Purple Hair, Compliments, and Lies
- Brittany Kilpatrick, Co-Founder
- Sep 15, 2016
- 3 min read

Purple Hair helped me learn to love compliments from my girlfriends.
Compliments. They are a weird thing, right? There’s this decipherable binary to them. On one hand, they can totally brighten your day.
“Girl, your shoes are EVERYTHING.”
On the other hand, they can err into creepy territory real quick.
“I love it when you wear heels. You look like a tall drink of water.”
There’s this feeling when you get a compliment that it’s because you’ve put in some kind of work, even if you haven’t.
“You’re looking fit AF lately!”
Figuring out how to process compliments (catcalls?) from strangers, coworkers, and family members could be a full time job for women.
But it’s not like that with your girlfriends. When your girlfriends tell you you’re beautiful, there’s no benefit in them telling you that. They don’t want to fuck you. They’re not trying to kiss your ass for a promotion. They’re not competing with you. In fact, complimenting your girlfriends is the easiest way to stop competing with them. (More on that later.) Being complimented by a woman who loves you unconditionally is, quite possibly, the purest form of a compliment. Ultimately, it is rooted in self-love and love for each other.
Now, that self-deprecating anecdote I promised to illustrate this fact.
It’s 2011. My second year in law school. It was a challenging time. I was working at a hyper-conservative state agency as a law clerk; I was studying my butt off; I was also having a TON OF FUN. Because balance. And grad school.
At this time, myself and fellow Bonded Co-Founder, Sam, were living the high life on a really small budget. We cut and colored our own hair, painted our nails, and basically ran a full-scale beauty salon out of our one-bedroom apartment. (You read that correctly.) And I can’t remember a happier time
One particular evening, we were preparing to hit the town for a night out. First stop was a law school end-of-semester party, followed by late-night, high calorie snacks. Exams were over. We were half-alive and surviving on Red Bull, but we were gonna go out if it killed us. And look FRESH TO DEATH whilst doing it. In order to achieve FRESH TO DEATH, I needed to dye my hair literally one hour before we left my humble abode. I can’t tell you how many times I’ve done this. IT NEVER GOES WELL. You can guess what happened next. My hair turned completely LAVENDER. Which, in 2016, doesn’t sound terribly off-trend, but this was 2011—well before pastel hair was in vogue. And I had PURPLE HAIR. Not sorta purple. Not a lil bit purple. VERY PURPLE HAIR.
So what did I do? I turned to my best friend for assurance:
Me: “Is it bad?”
Sam: “Don’t be RIDICULOUS. You look gorgeous!”

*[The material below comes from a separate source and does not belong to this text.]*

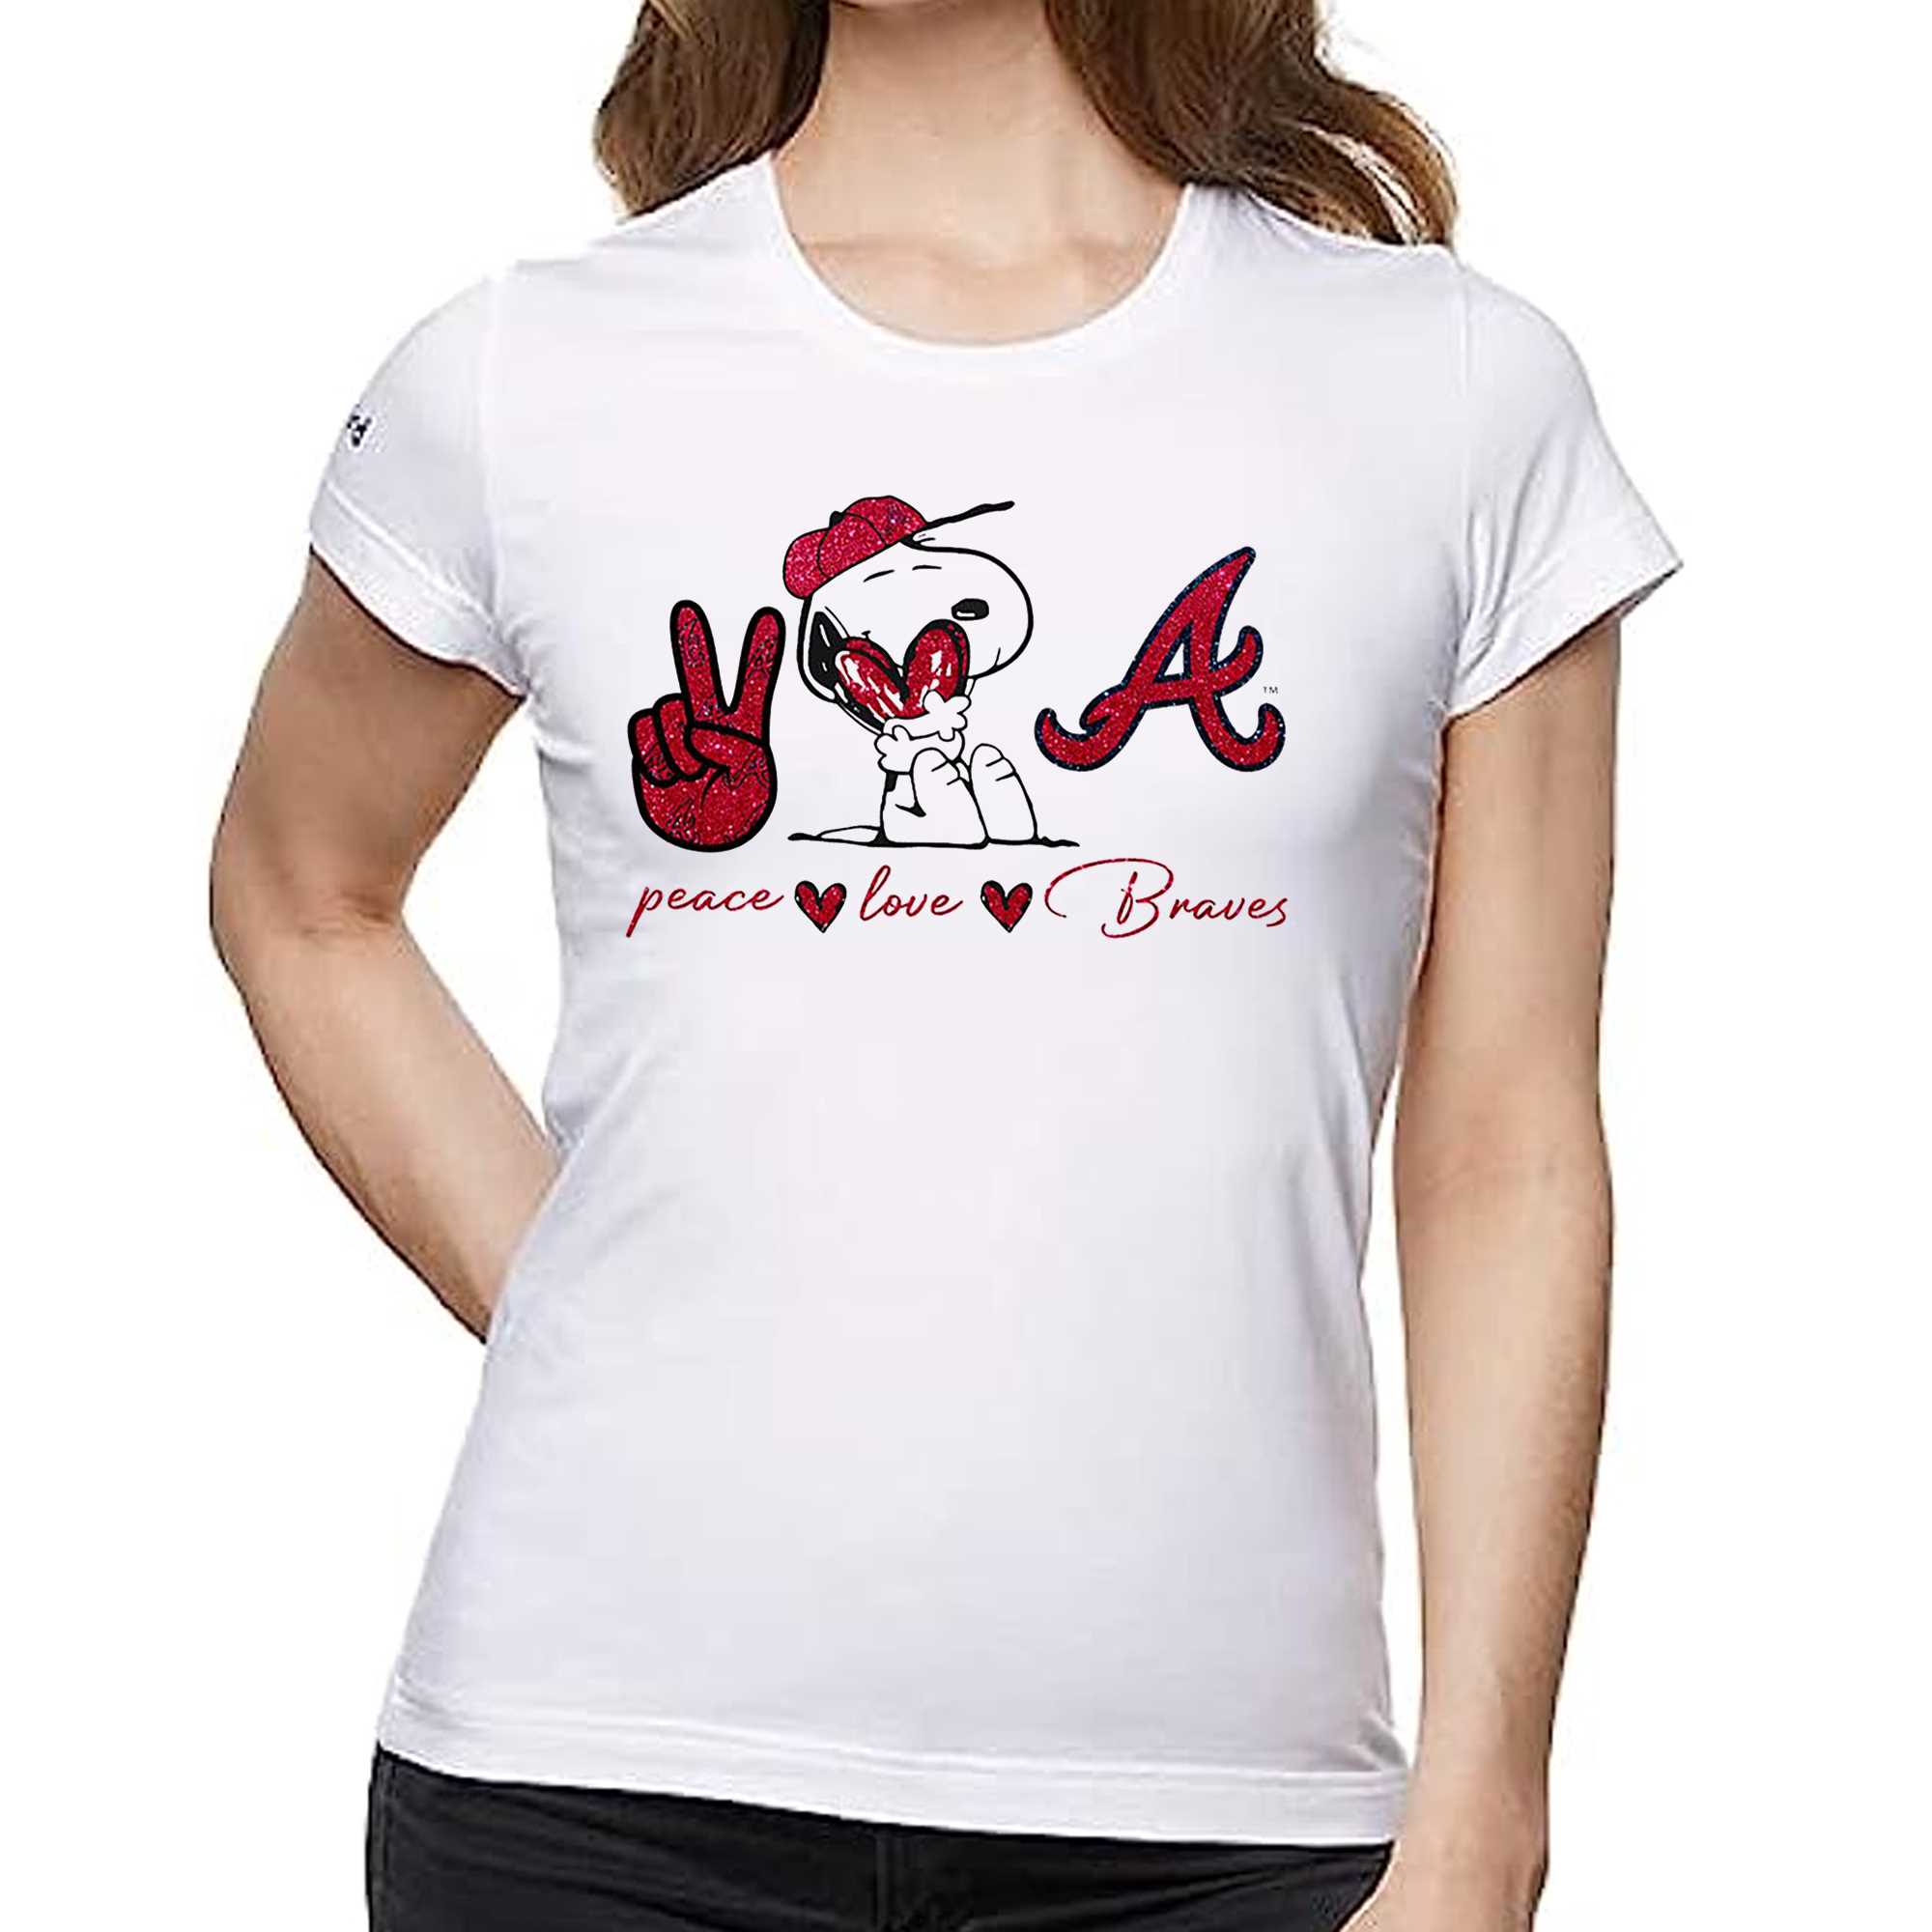 For The Love Of Atlanta Braves Shirt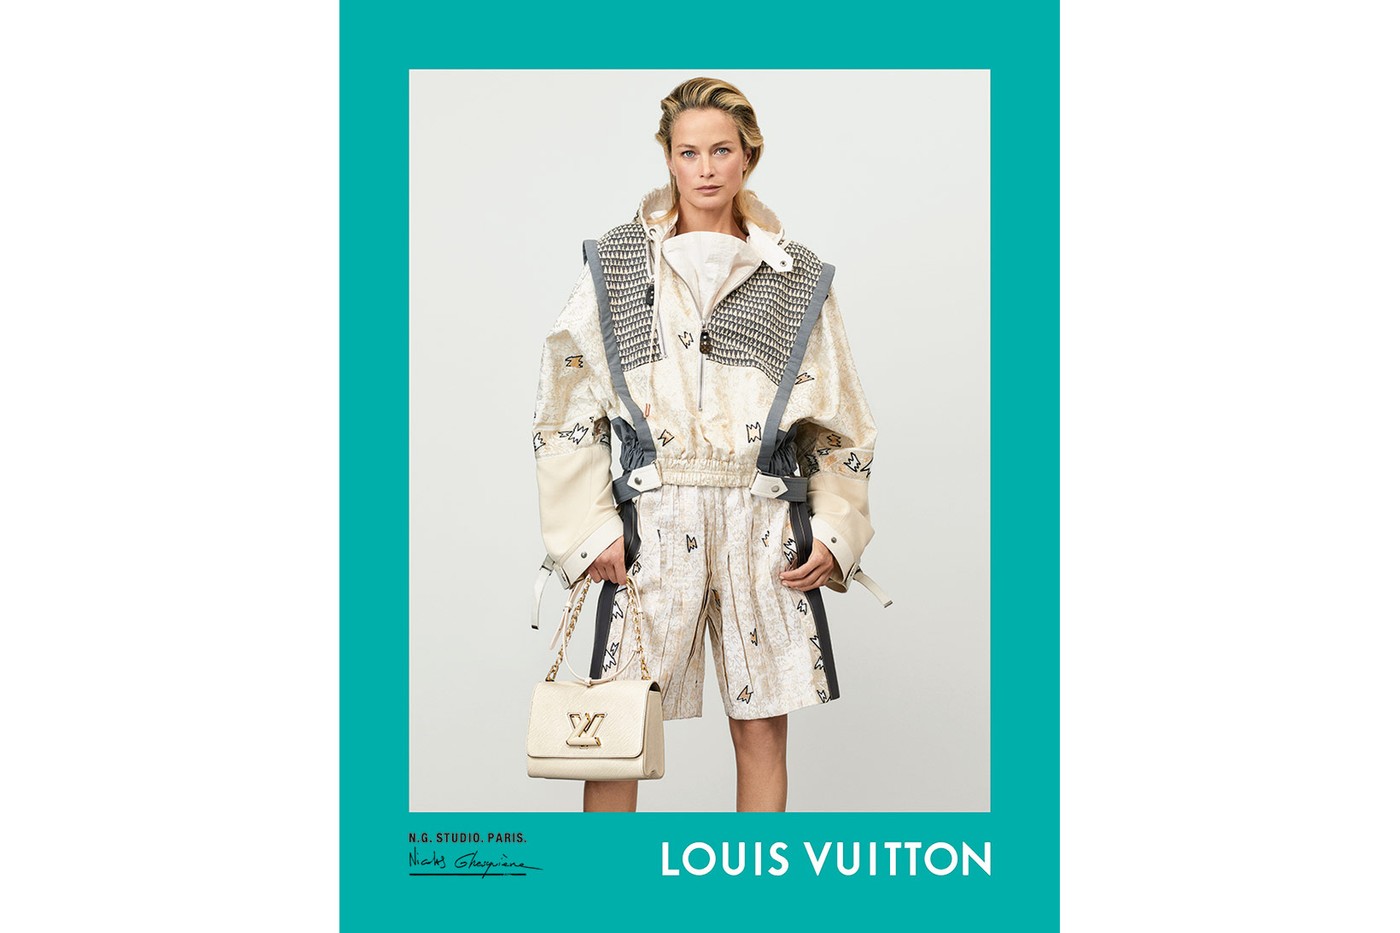 Louis Vuitton présente une nouvelle campagne Printemps Été 2021

It was a lie. Oh, it was a big OL’ LIE. I had actual purple hair. But honestly? Who cares. The color of my hair was going to have approximately zero effect on our fun that evening. And she knew that. It also didn't make me any less gorgeous, and she knew that too. She knew that the evening could have been squandered by my own self-doubt, and part of being a friend is to love me enough to help me get past my own insecurities. One box-dye slip-up and I was questioning my worth, beauty, and all around fierceness, and she wasn’t having ANY OF THAT. To this day, she won’t have any of that. Girlfriends remind you that your beauty is more than skin-deep. It doesn’t just go away. Sam sees me as beautiful every day, and her insistence of this has helped me to love myself and other women more.